The original reason I wrote this was that Dustin Moskovitz wanted something like this, as an alternative to posts like AGI Ruin:
[H]ave you tried making a layman's explanation of the case? Do you endorse the summary? I'm aware of much longer versions of the argument, but not shorter ones!
From my POV, a lot of the confusion is around the confidence level. Historically EY makes many arguments to express his confidence, and that makes people feel snowed, like they have to inspect each one. I think it'd be better if there was more clarity about which are strongest.
I think one argument is about the number of relatively independent issues, and that's still valid, but then you could link out to that list as a separate exercise without losing everyone.

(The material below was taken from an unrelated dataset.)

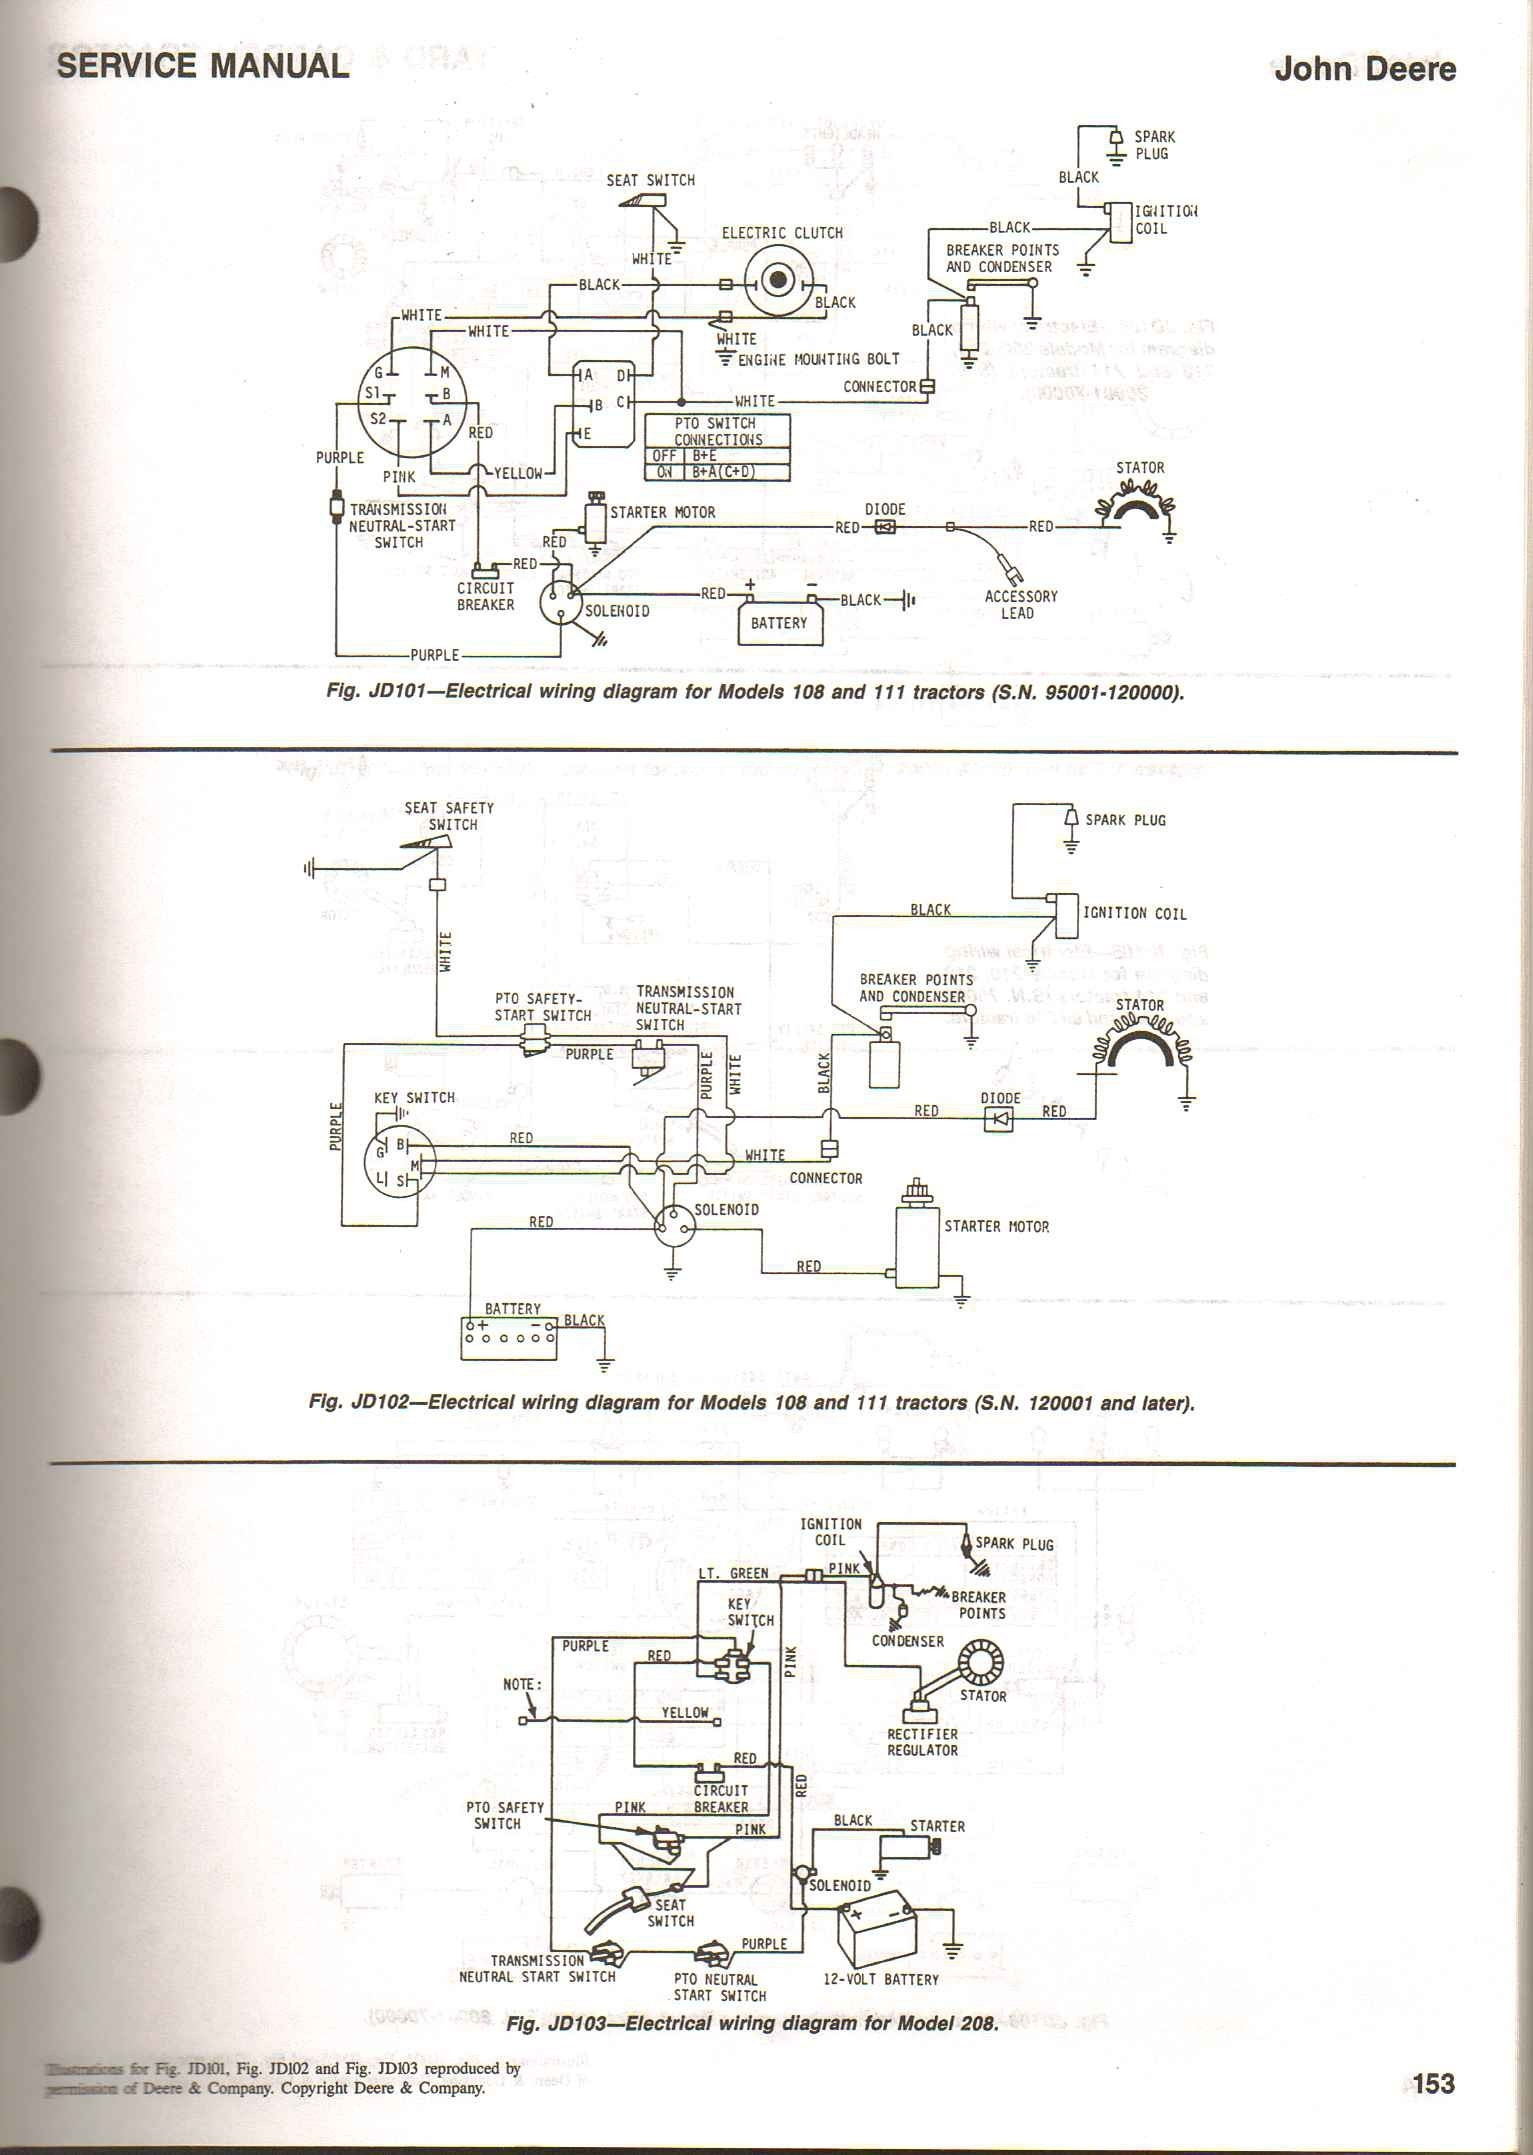 john deere gator 6x4 wiring diagram best wiring library deere gator wiring-diagram gator 6x4 wiring diagram wiring diagramsjohn deere stx38 wiring schematic free wiring diagram tractor john deere

This post is speaking for me and not necessarily for Eliezer, but I figure it may be useful anyway. (A MIRI researcher did review an earlier draft and left comments that I incorporated, at least.)
And indeed, one of the obvious ways it could be useful is if it ends up evolving into (or inspiring) a good introductory resource, though I don't know how likely that is, I don't know whether it's already a good intro-ish resource paired with something else, etc.